# Skin



## gardenbees (May 8, 2005)

Borax is available in the laundry care section. 20 mule team borax is the most common name. Ointments, salves and balms do not require emulsification because they are all oil thickened with beeswax. Lotions do require it and borax is not neccessary. I just made a batch of lotion a few days ago and it came out perfect with just water and oils/beeswax. A stick blender makes the process quick and easy. Go to mountainroseherbs.com and they have recipes and are a great resource for supplies. Have fun. I love the products I make and it's fabulous knowing that there is nothing freaky and unpronouncable in them. Theresa.


----------



## buz (Dec 8, 2005)

Thnx--I made a lip balm with equal parts cocoa/shea/beeswax and added perpermint flavour.
Quite mintchocolate. I may add some oil to make it easier to apply.
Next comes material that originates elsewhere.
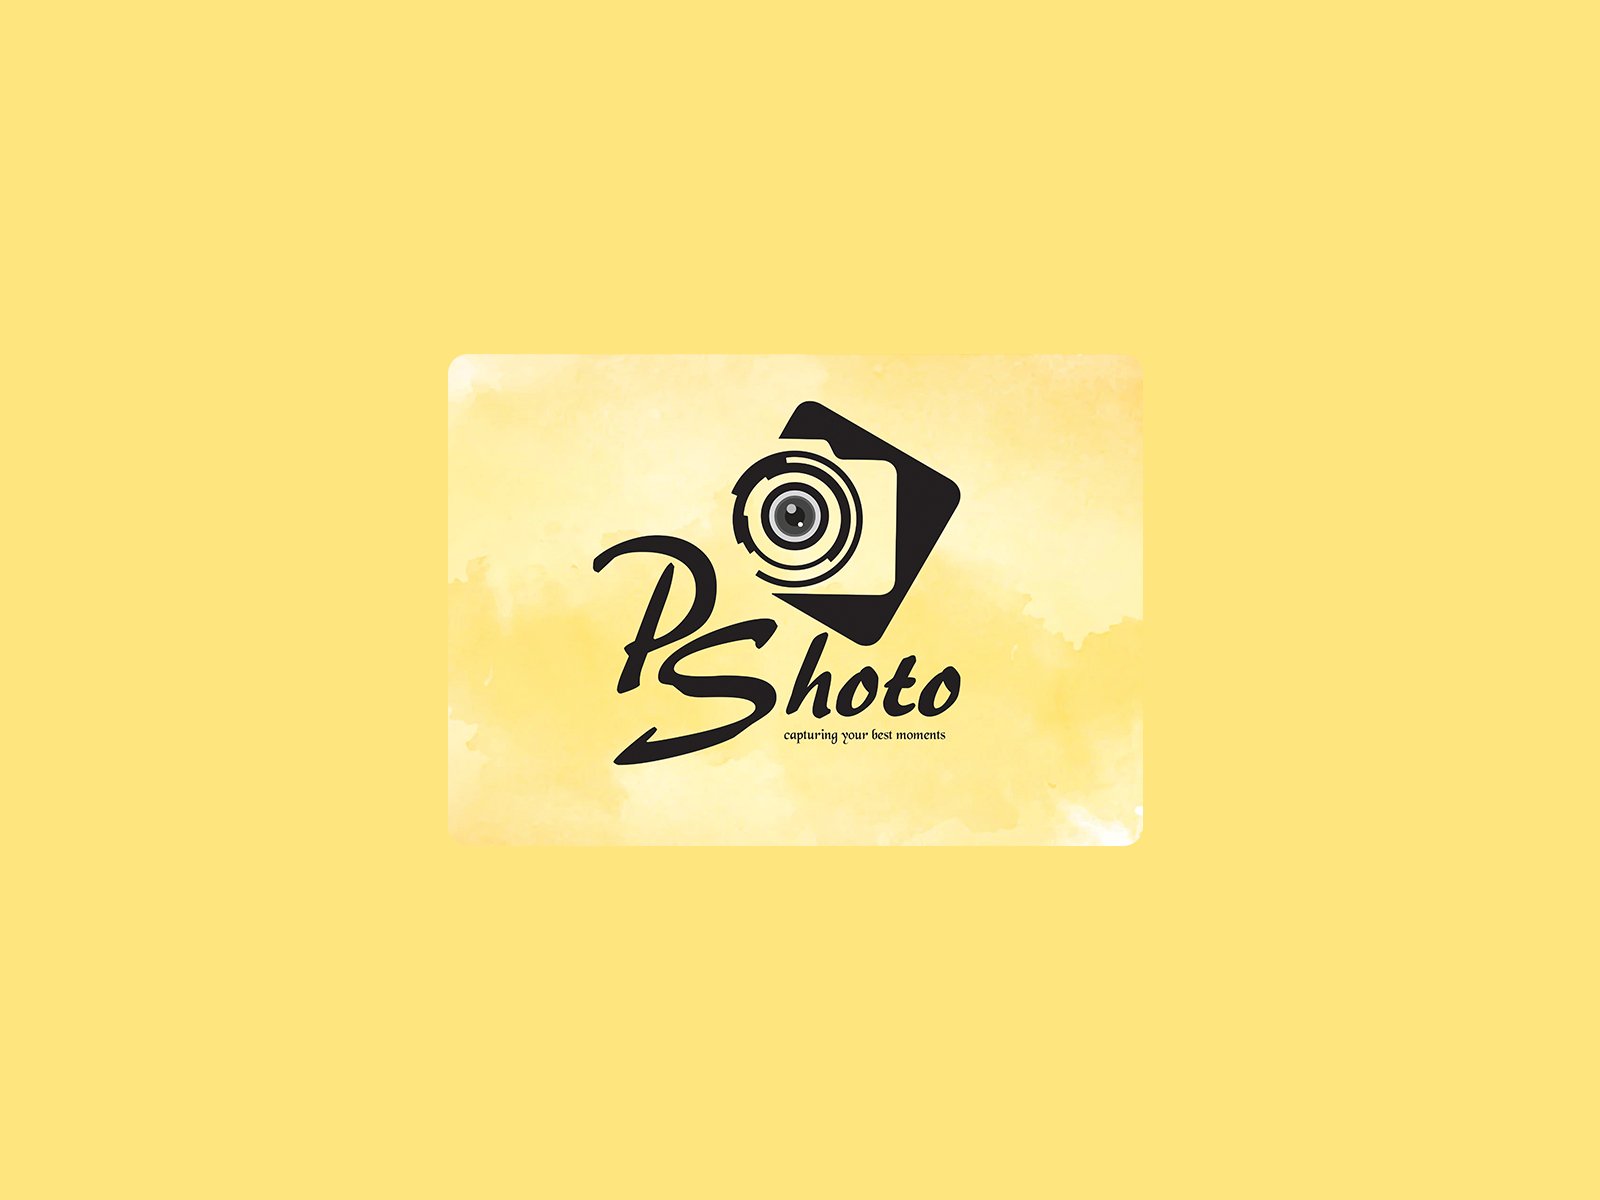 PShoto Brand Logo Design

My first emulsion (w/o) turned out very brilliant yellow from beeswax/olive oil/water. The borax allowed the mix to bond. Lavendar oil for scent.

Too bad what I hear about Burt's Bees.
Lol


----------



## Maine_Beekeeper (Mar 19, 2006)

Borax is a naturally occurring mineral. 
You can buy it in the laundry section of a good old fashioned store (20 mule team borax) or if you are anywhere near a pottery supply store, you can buy pure borax by the pound from there as well (used as a suspending agent in glazes which tend to settle. 
Borax is inexpensive and works great in lotions and creams.


----------